Material provided:
--
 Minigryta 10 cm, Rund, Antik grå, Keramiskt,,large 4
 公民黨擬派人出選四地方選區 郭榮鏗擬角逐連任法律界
--
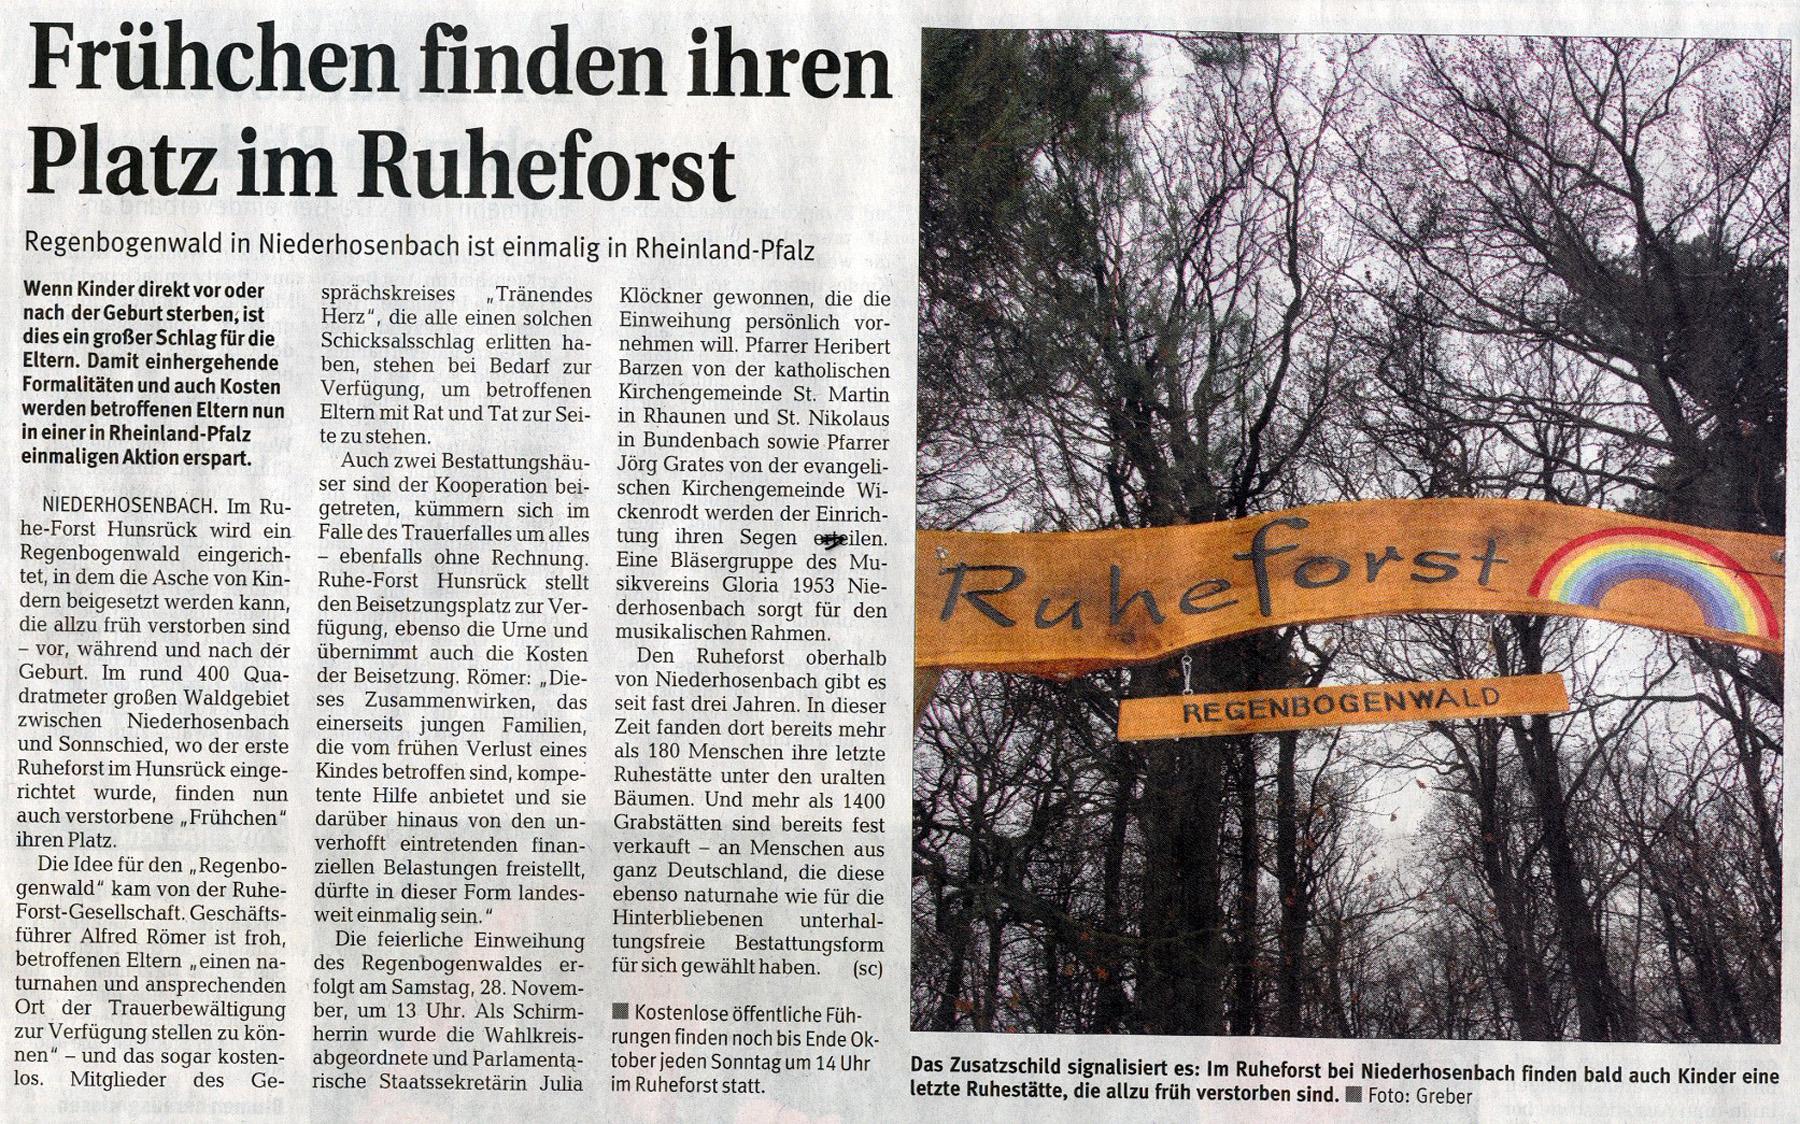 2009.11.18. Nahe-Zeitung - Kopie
--
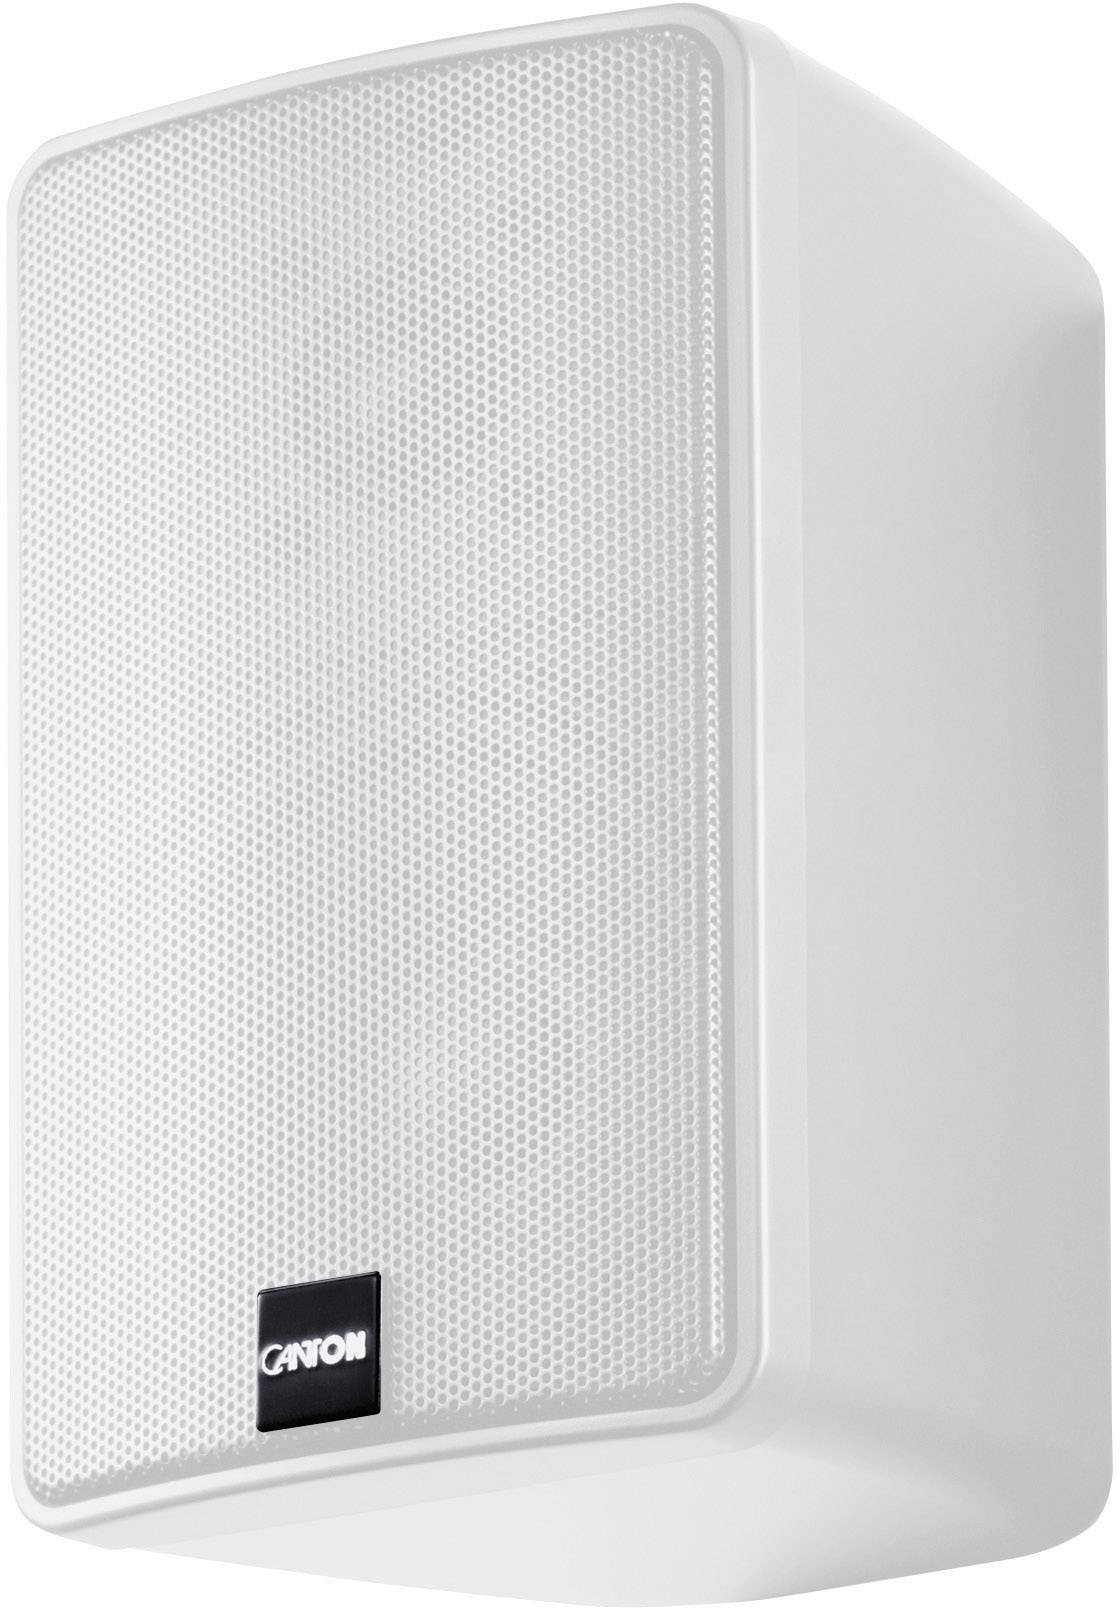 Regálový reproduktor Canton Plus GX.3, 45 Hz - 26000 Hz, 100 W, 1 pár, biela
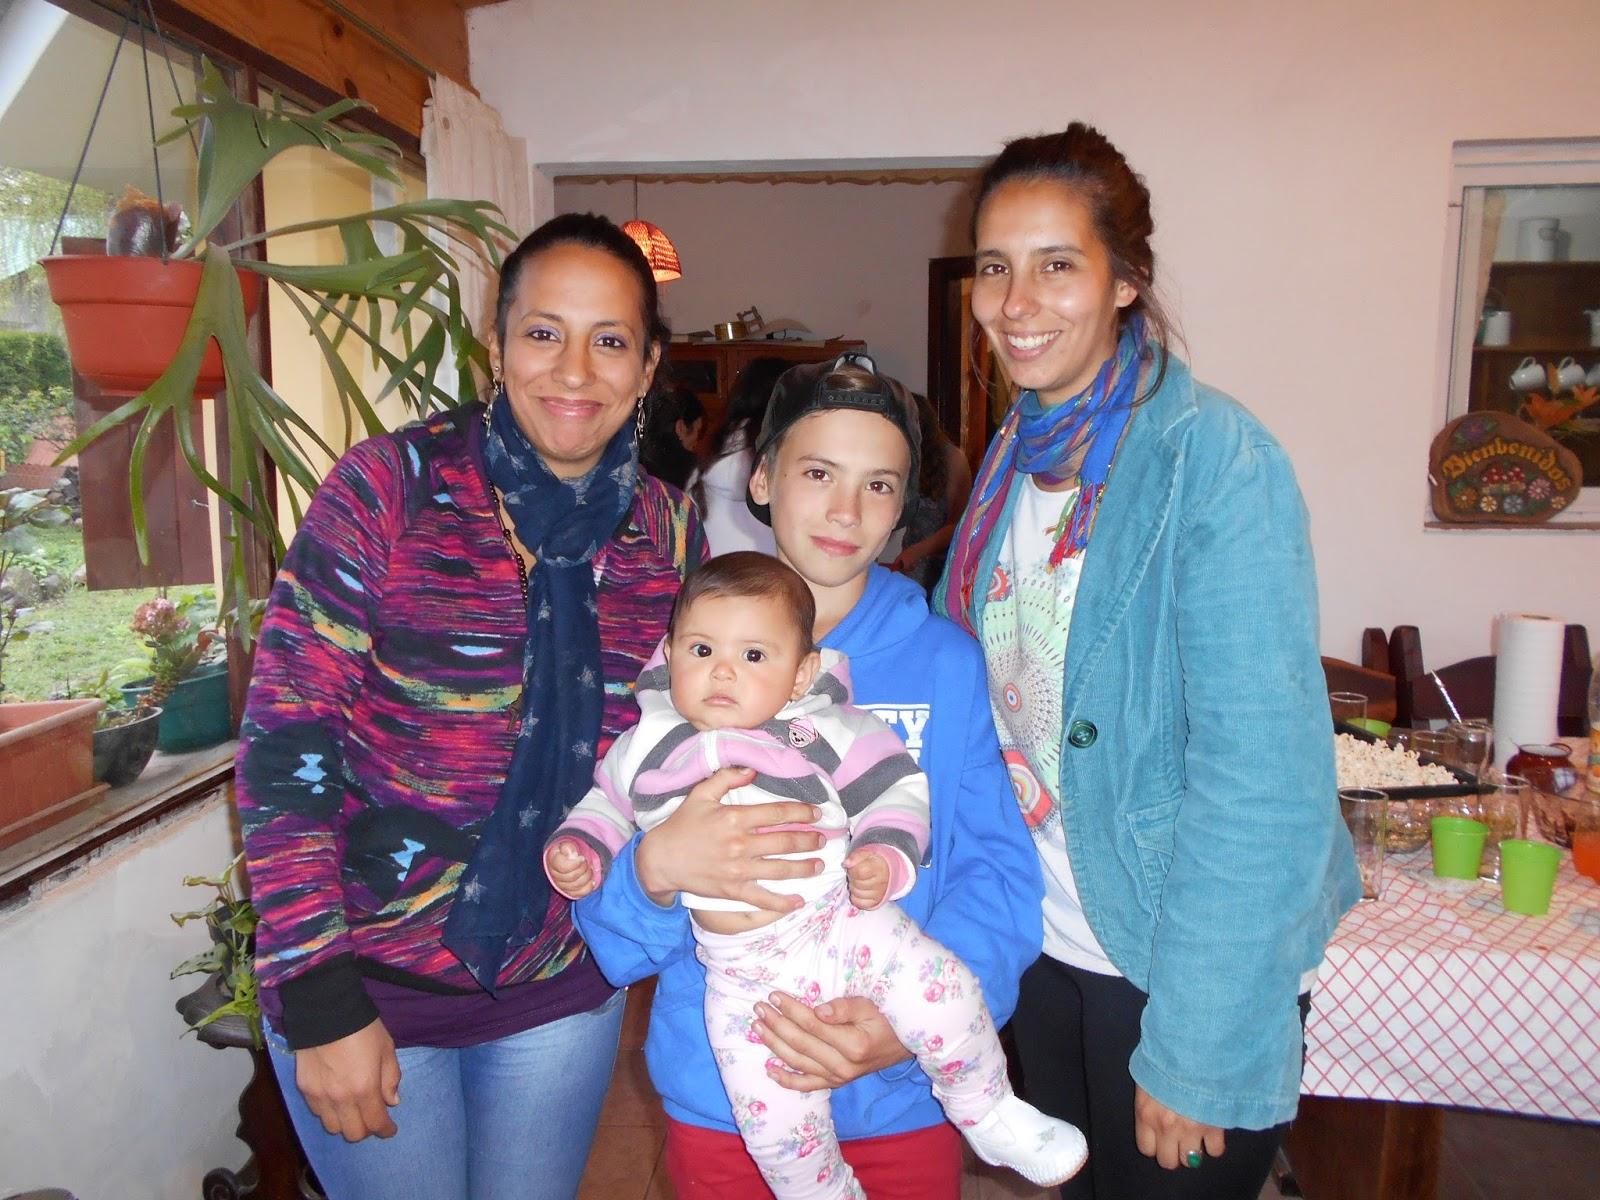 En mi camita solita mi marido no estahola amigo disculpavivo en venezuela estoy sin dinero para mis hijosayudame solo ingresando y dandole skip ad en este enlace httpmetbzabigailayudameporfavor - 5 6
--
What you should do:
For this exercise, return exactly the lines above from the line with "Regálový reproduktor Canton" through the line with "En mi camita", both included. Do not copy the pictures.

Written response:
 Regálový reproduktor Canton Plus GX.3, 45 Hz - 26000 Hz, 100 W, 1 pár, biela
 En mi camita solita mi marido no estahola amigo disculpavivo en venezuela estoy sin dinero para mis hijosayudame solo ingresando y dandole skip ad en este enlace httpmetbzabigailayudameporfavor - 5 6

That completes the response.